Machine learning-coupled vertical graphene triboelectric pressure sensors array as artificial tactile receptor for finger action recognition

Wearable pressure sensors have been emerging for recording human biomechanical information during movement and action behavior. When combined with advanced signals processing and analysis methods, these sensors may offer the opportunities of recognizing patterns in specific human actions. In this study, we proposed a machine learning-coupled vertical graphene triboelectric pressure sensors array (ML-vGTEPS array), which could serve as artificial finger tactile receptors for sensing pressure patterns generated by specific finger actions. By utilizing the vertical graphene (vG) with excellent electrical properties and unique nanostructure as the key friction layer, the triboelectric sensor exhibited high sensitivity and broad sensing range. Ten sets of triboelectric sensors are integrated and designed as wearable devices on fingers, which could transmit multi-channel tactile signals under different finger actions with minimal crosstalk.

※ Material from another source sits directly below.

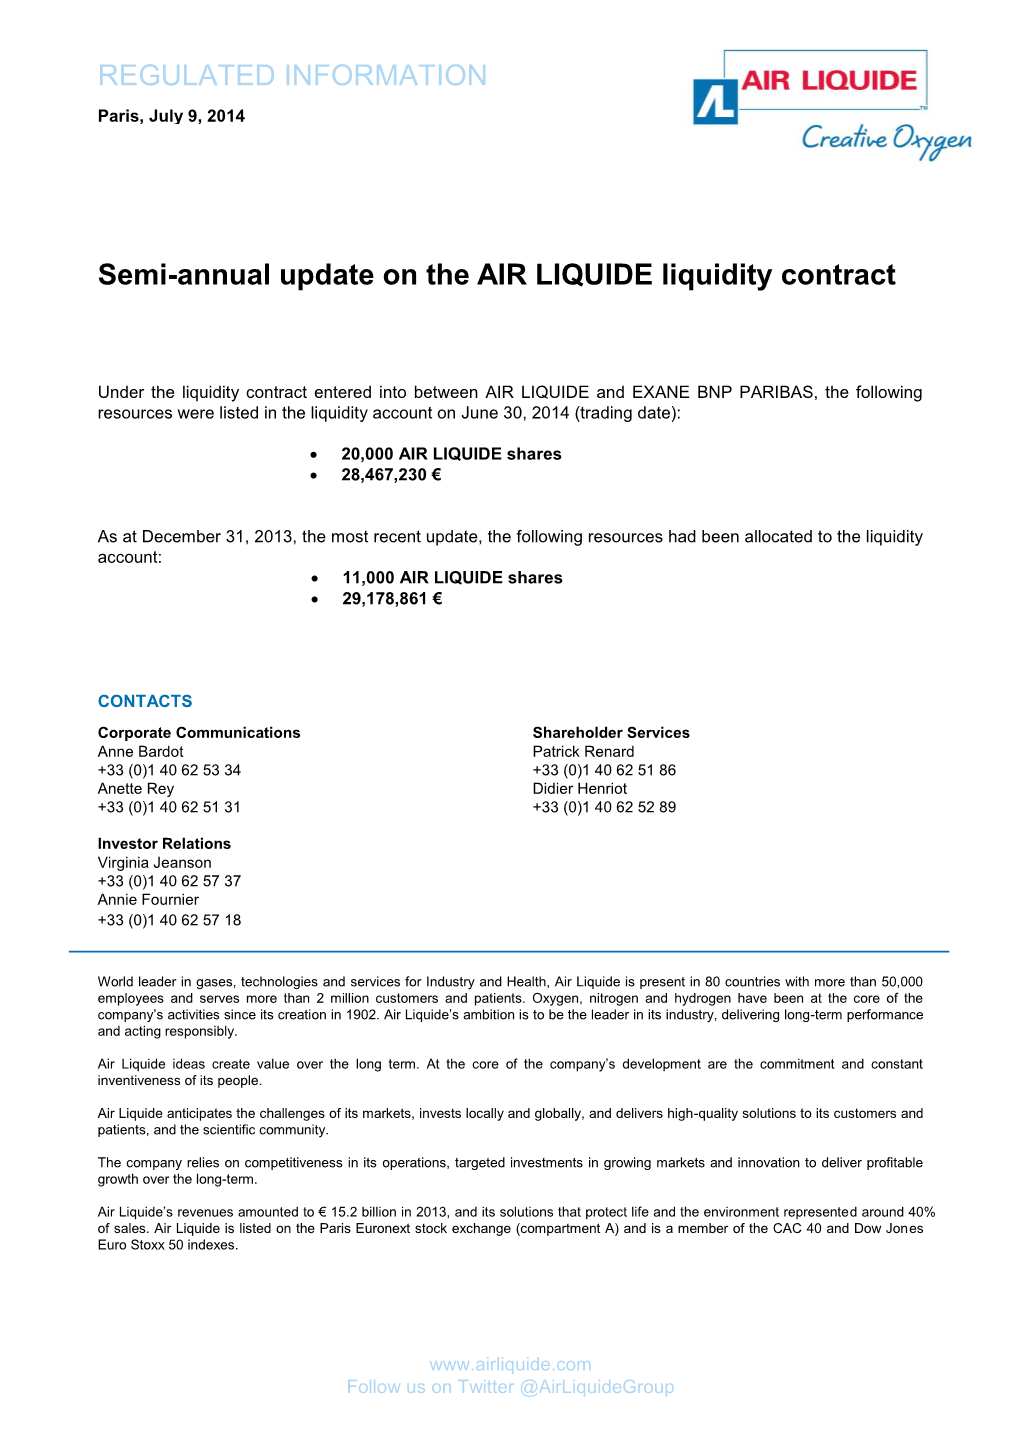 Semi-Annual Update on the AIR LIQUIDE Liquidity Contract

Taking the tracking technical actions of playing table tennis as an example, 16 types of finger tactile signals generated during specific table tennis technical actions were obtained using a self-designed acquisition hardware. Action recognition with high accuracy (98.1%) was achieved by a fully connected neural network (FCNN) deep learning model, serving as validation for the ML-vGTEPS Array in action monitoring and recognition. The exemplary recognition results demonstrated the potential of the ML-vGTEPS Array as a high-performance technique for human-machine interface, intelligent athletic training, telemedicine, and applications in virtual reality/augmented reality.